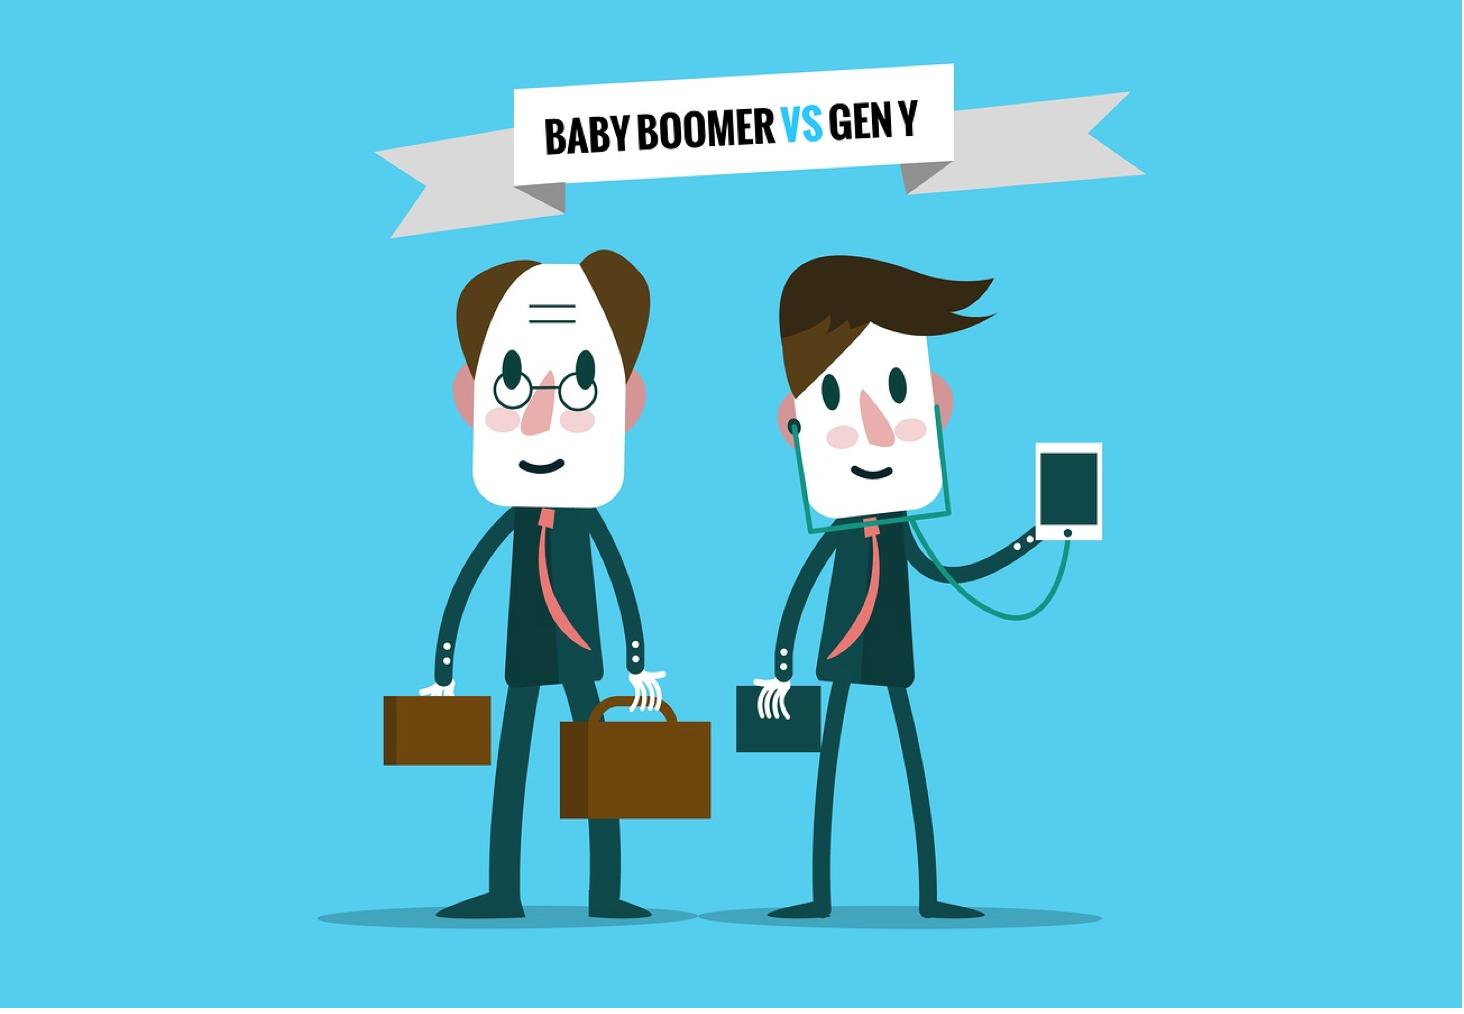 Millennials vs. Baby Boomers: Managing Across Generations
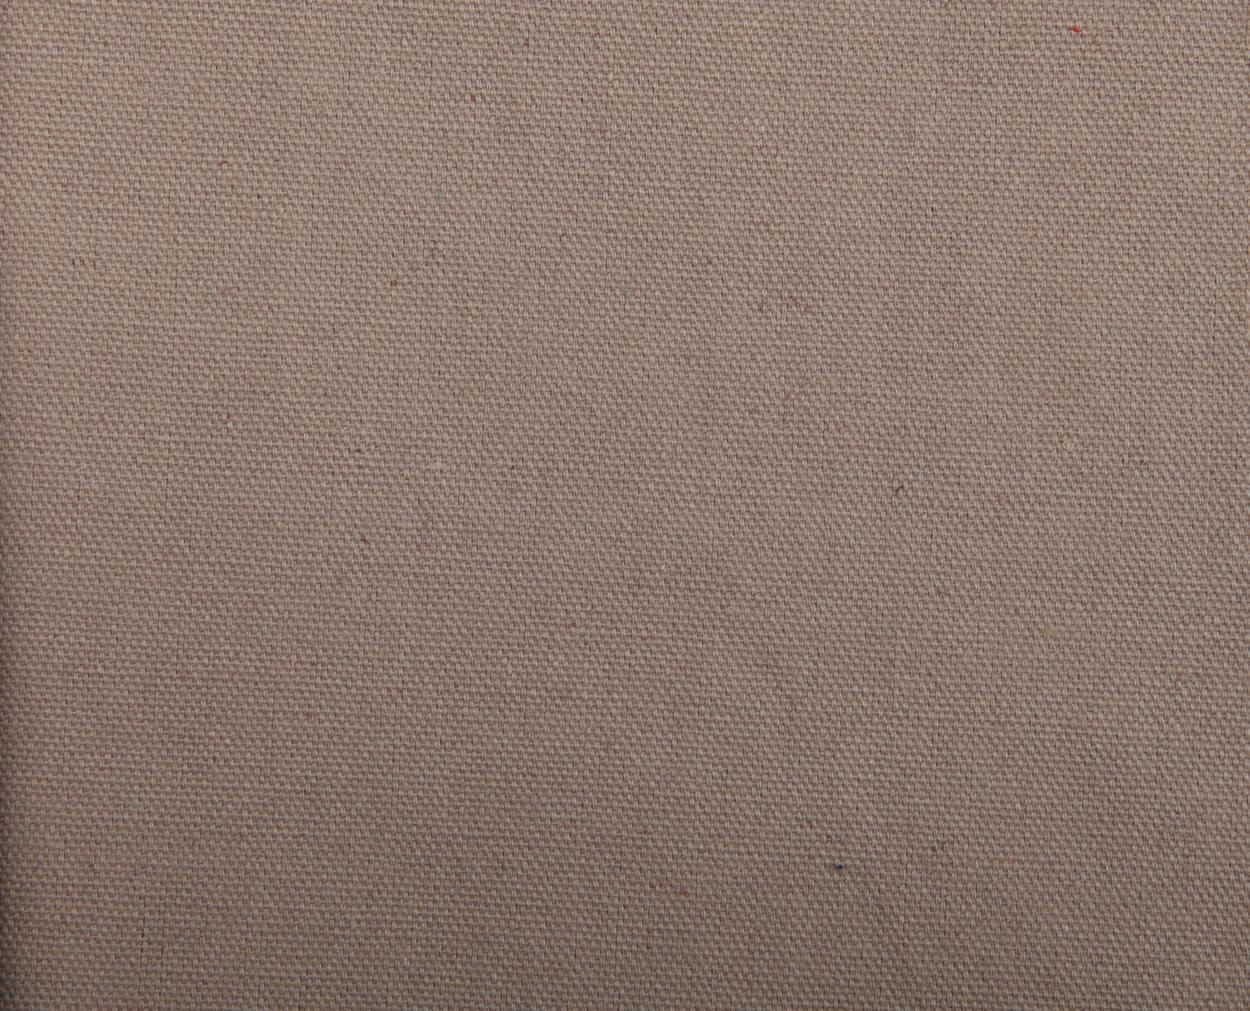 Canvas_04
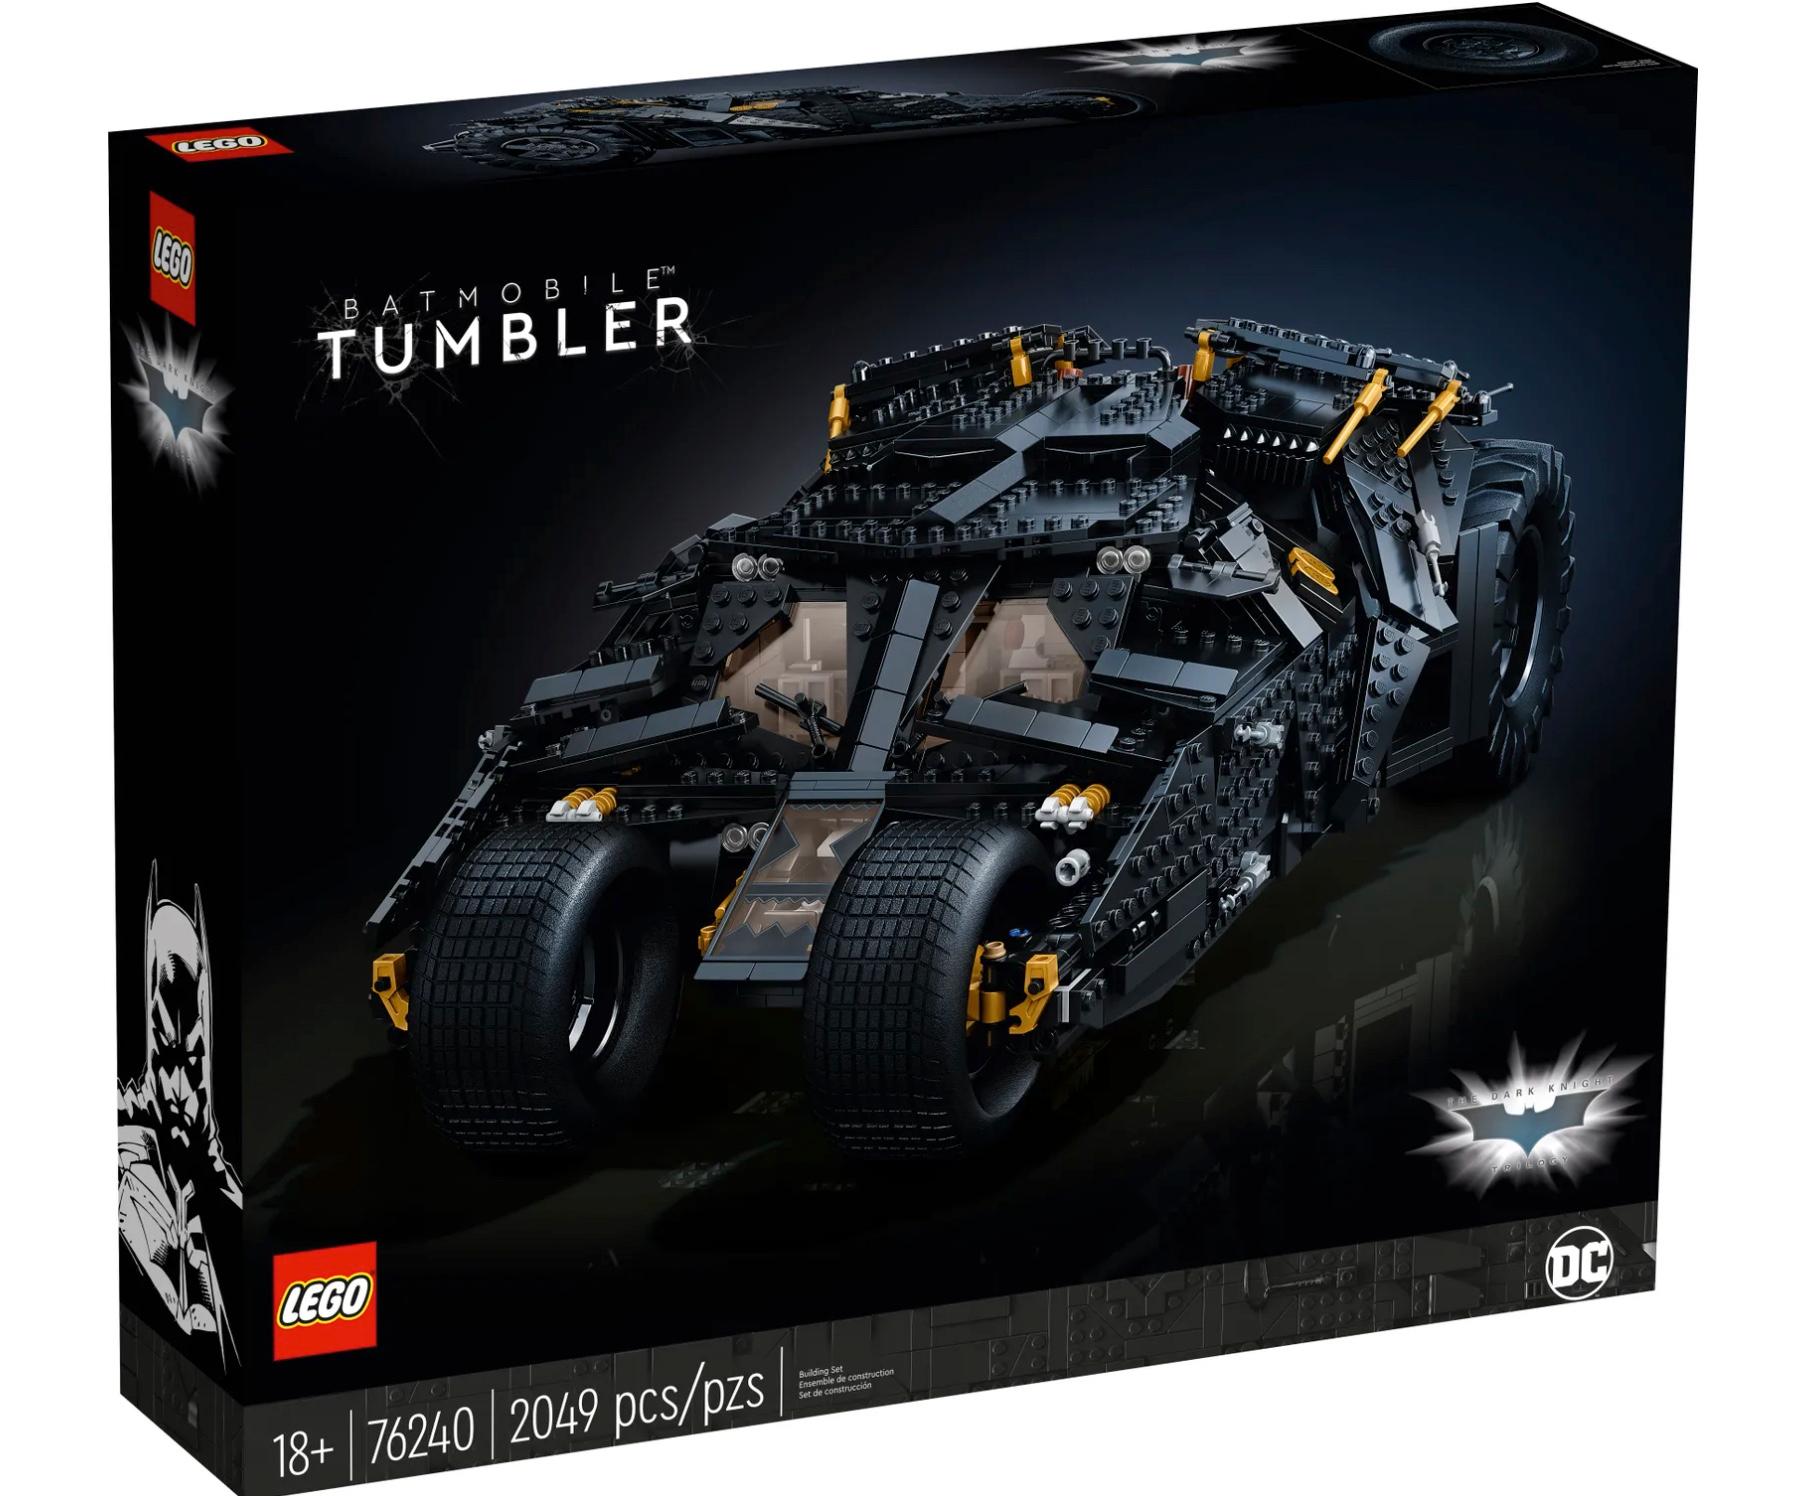 LEGO DC Batmobile Tumbler

········

EXERCISE DIRECTIONS =>
Your answer should copy the listing word for word, with no pictures in it.

TASK RESULT =>
 Millennials vs. Baby Boomers: Managing Across Generations
 Canvas_04
 LEGO DC Batmobile Tumbler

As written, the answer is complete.